首页 > 其他分享 >Kaggle自然语言处理入门 推特灾难文本分类 Natural Language Processing with Disaster Tweets

Kaggle自然语言处理入门 推特灾难文本分类 Natural Language Processing with Disaster Tweets

时间:2024-04-11 19:13:59浏览次数:24  
标签:推特 Natural sentence text list Kaggle feature words word

和新闻按照标题分类差不多,用的朴素贝叶斯

#导入必要的包
import random
import sys

from sklearn import model_selection
from sklearn.naive_bayes import MultinomialNB
import joblib
import re,string
import pandas as pd
import numpy as np
def text_to_words(file_path):#将文本拆分成 词语 和 标签
    myTrain = pd.read_csv(file_path)
    sentences_arr = []
    lab_arr = list(myTrain.values[:, 4])
    for i in range(len(myTrain.values)):
        sentence = myTrain.values[i, 3].split('	')[-1].strip()  # 得到句子
        sentence = re.sub("[\s+\.\!\/_,$%^*(+\"\')]+|[+——()?【】“”!,。?、~@#¥%……&*()《》:]+", " ", sentence)  # sub是代替,这里是把标点符号换成空格
        sentence = sentence.split(' ')
        sentences_arr.append(sentence)

    return sentences_arr, lab_arr
def load_stopwords(file_path):#创建停用词表
    stopwords = [line.strip() for line in open(file_path, encoding='UTF-8').readlines()]#line.strip()用于去除两端空格
    return stopwords
def get_dict(sentences_arr,stopswords):#生成词典
    word_dic = {}
    for sentence in sentences_arr:
        for word in sentence:
            if word != ' ' and word.isalpha():#isalpha函数用于判断字符串是否全部由字母组成
                if word not in stopswords:
                    word_dic[word] = word_dic.get(word,1) + 1
    word_dic=sorted(word_dic.items(),key=lambda x:x[1],reverse=True) #按词频序排列

    return word_dic

def get_feature_words(word_dic,word_num):#选取出现次数最多的前 word_num 个单词作为特征词
    n = 0
    feature_words = []
    for word in word_dic:
        if n < word_num:
            feature_words.append(word[0])
        n += 1
    return feature_words

# 文本特征
def get_text_features(train_data_list, test_data_list, feature_words):#根据特征词,将 训练集 和 测试集 中的句子转化为特征向量
    def text_features(text, feature_words):
        text_words = set(text)
        features = [1 if word in text_words else 0 for word in feature_words] # 形成特征向量
        return features
    train_feature_list = [text_features(text, feature_words) for text in train_data_list]
    test_feature_list = [text_features(text, feature_words) for text in test_data_list]
    return train_feature_list, test_feature_list


sentences_arr, lab_arr = text_to_words('../train.csv')#获取分词后的数据及标签
print(sentences_arr[0])

stopwords = load_stopwords('../stopwords.txt')#加载停用词
word_dic = get_dict(sentences_arr,stopwords)#生成词典
train_data_list, test_data_list, train_class_list, test_class_list = model_selection.train_test_split(sentences_arr,lab_arr,test_size=0.1)#数据集划分
feature_words =  get_feature_words(word_dic,1000)#生成特征词列表



train_feature_list,test_feature_list = get_text_features(train_data_list,test_data_list,feature_words)#生成特征向量
from sklearn.metrics import accuracy_score,classification_report

#获取朴素贝叶斯分类器
classifier = MultinomialNB(alpha=1.0,  # 拉普拉斯平滑
                          fit_prior=True,  #否要考虑先验概率
                          class_prior=None)

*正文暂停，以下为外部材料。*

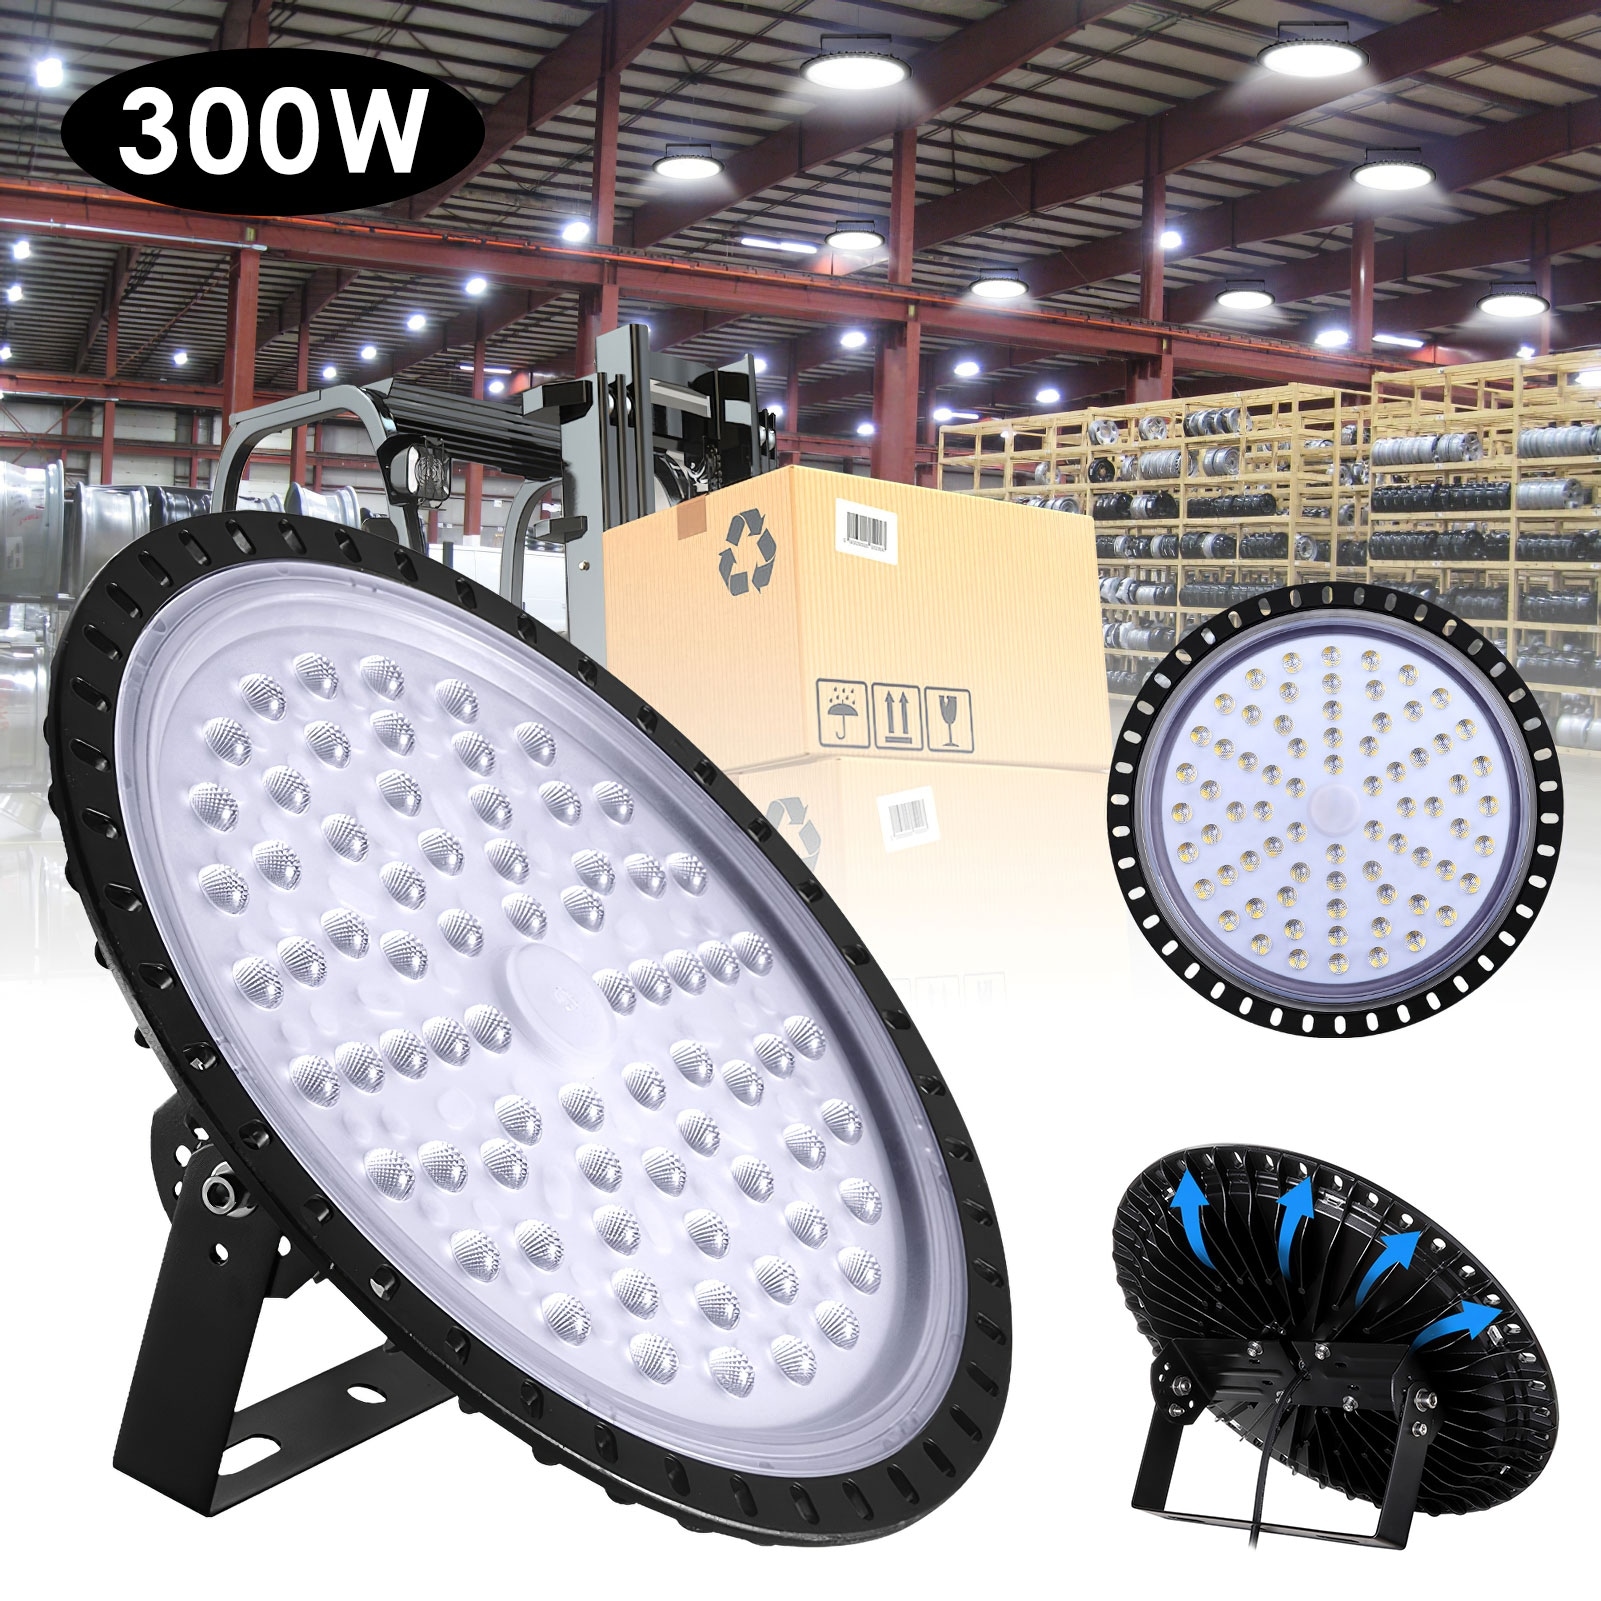 500W 300W 200W 100W UFO LED High Bay Light Industrial Warehouse Canopy Fixture

print(type(train_feature_list))
print(type(train_class_list))
classifier.fit(train_feature_list, train_class_list)#进行训练

predict = classifier.predict(test_feature_list)# 在验证集上进行验证
test_accuracy = accuracy_score(predict,test_class_list)
print("准确率 accuracy_score: %.4lf"%(test_accuracy))
print("模型评估报告 Classification report for classifier:\n",classification_report(test_class_list, predict))
joblib.dump(classifier, "NewsClassification.model")

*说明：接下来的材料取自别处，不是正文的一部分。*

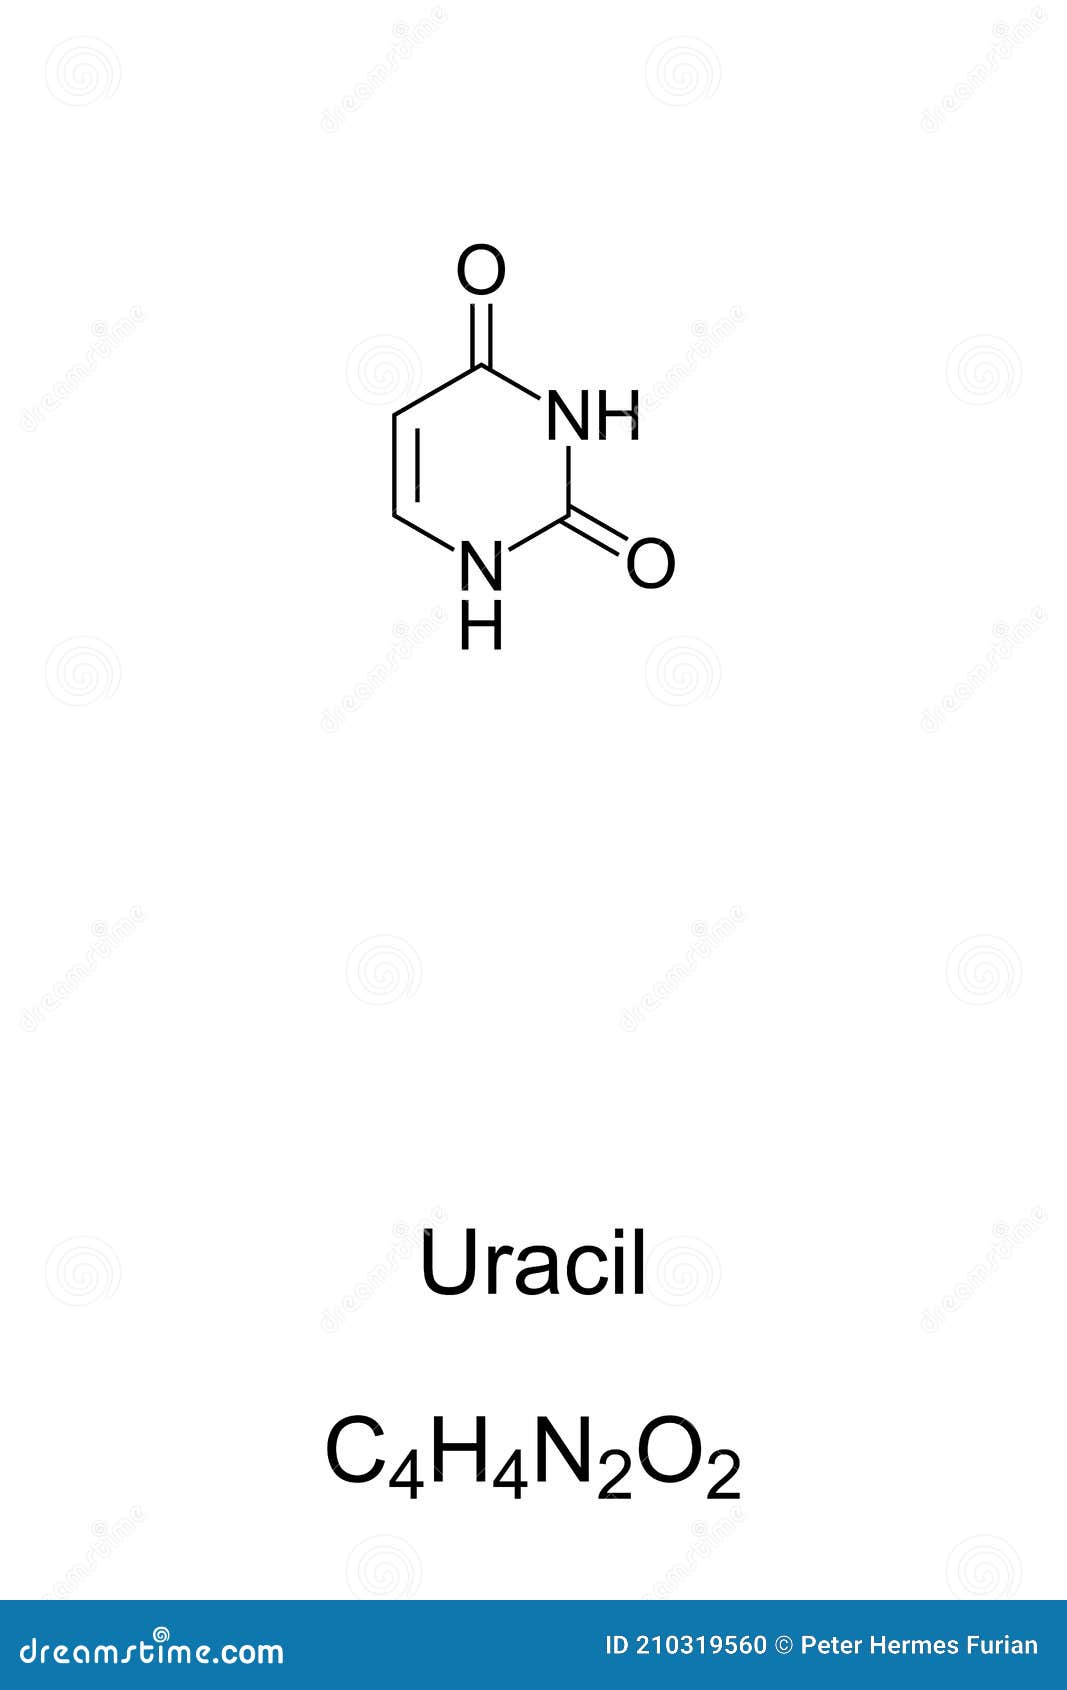 uracil, u, nucleobase in rna, chemical formula and skeletal structure

myModel = joblib.load("NewsClassification.model")

def load_sentence(sentence):
    sentence = re.sub("[\s+\.\!\/_,$%^*(+\"\')]+|[+——()?【】“”!,。?、~@#¥%……&*()《》:]+", " ",sentence)  # sub是代替,这里是把标点符号换成空格
    sentence = sentence.split(' ')
    return sentence




p_data = 'We had a big earthquake here and many houses collapsed'
sentence = load_sentence(p_data)
sentence= [sentence]
print('分词结果:', sentence)
p_words = get_text_features(sentence,sentence,feature_words)#形成特征向量
res = myModel.predict(p_words[0])
print("所属类型:",int(res))


cnt=0
id=[]
target=[]
myTest = pd.read_csv('../test.csv')
for i in range(len(myTest.values)):
    sentence = myTest.values[i, 3].split('	')[-1].strip()  # 得到句子
    sentence = re.sub("[\s+\.\!\/_,$%^*(+\"\')]+|[+——()?【】“”!,。?、~@#¥%……&*()《》:]+", " ", sentence)  # sub是代替,这里是把标点符号换成空格
    sentence = sentence.split(' ')
    sentence = [sentence]
    print('分词结果:', sentence)
    p_words = get_text_features(sentence, sentence, feature_words)  # 形成特征向量
    res = myModel.predict(p_words[0])
    print("所属类型:", int(res))
    id.append(myTest.values[i, 0])
    target.append(int(res))
    cnt=cnt+1
    if cnt%1000 ==0:
        print(cnt)
myAns = pd.DataFrame({'id': id, 'target': target})
myAns.to_csv("myAns.csv", index=False, sep=',')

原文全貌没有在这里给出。